Go to the line below that has "Paraguay 3203 FAO", print it and each line after it exactly, and stop after the line that has "lang wie breit."; leave out pictures.

# Data for this exercise:
────
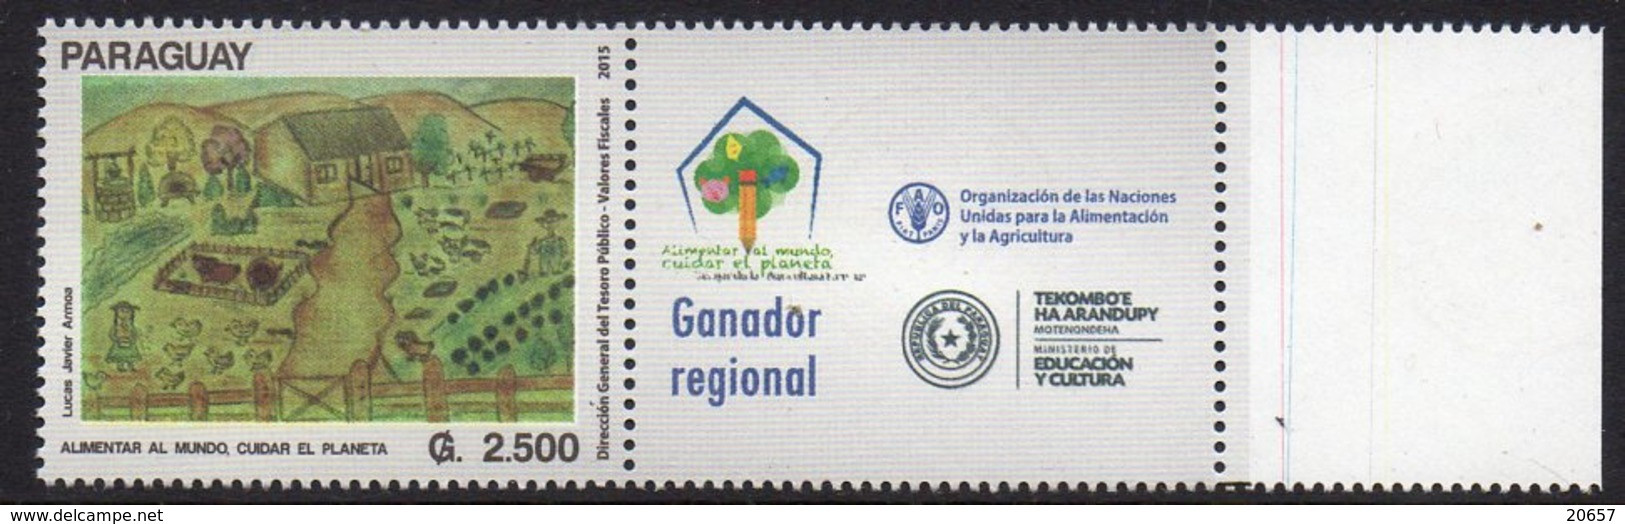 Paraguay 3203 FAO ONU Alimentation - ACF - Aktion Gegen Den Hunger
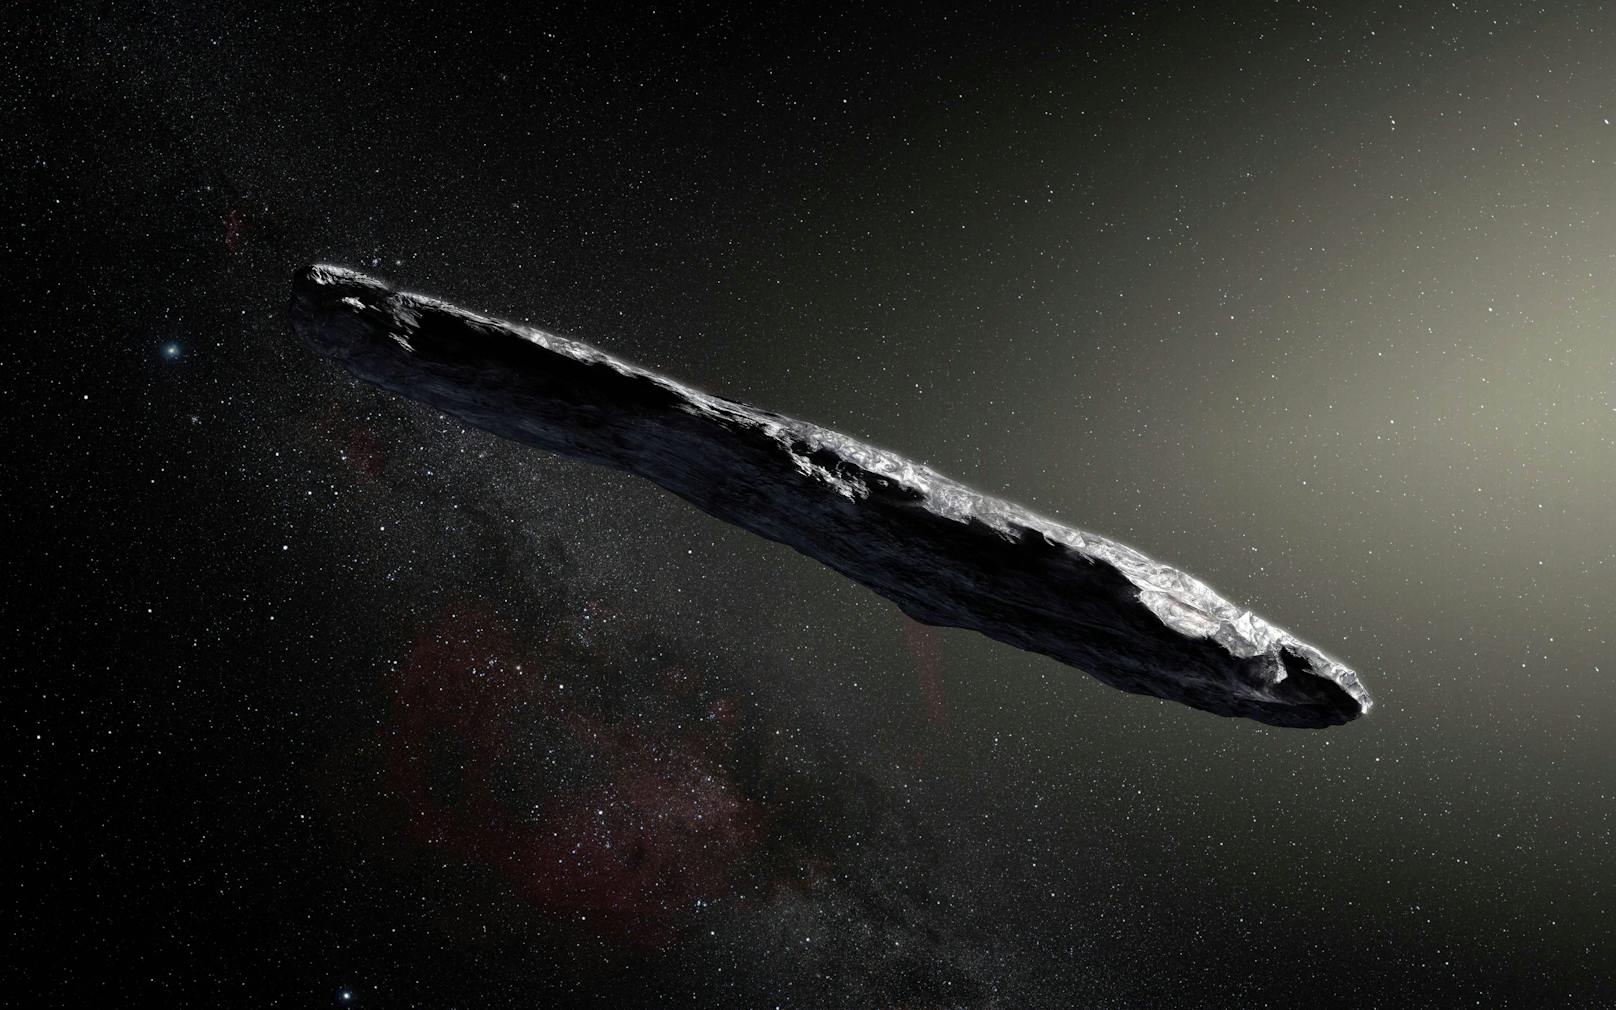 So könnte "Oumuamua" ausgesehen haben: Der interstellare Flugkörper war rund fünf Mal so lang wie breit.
────
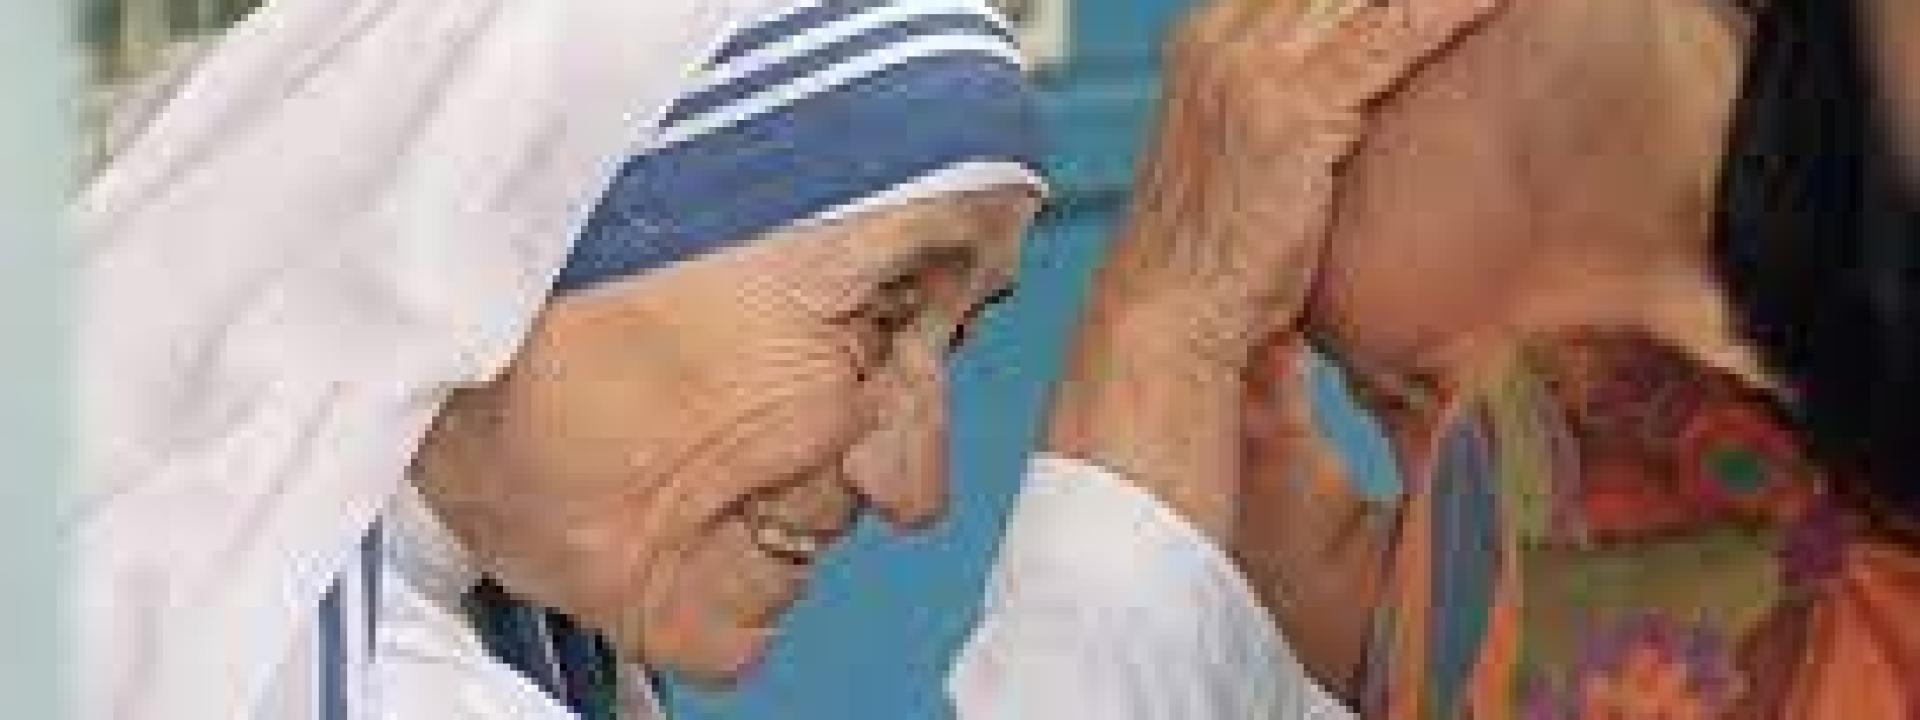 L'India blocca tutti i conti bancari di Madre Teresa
────
# Expected answer:
 Paraguay 3203 FAO ONU Alimentation - ACF - Aktion Gegen Den Hunger
 So könnte "Oumuamua" ausgesehen haben: Der interstellare Flugkörper war rund fünf Mal so lang wie breit.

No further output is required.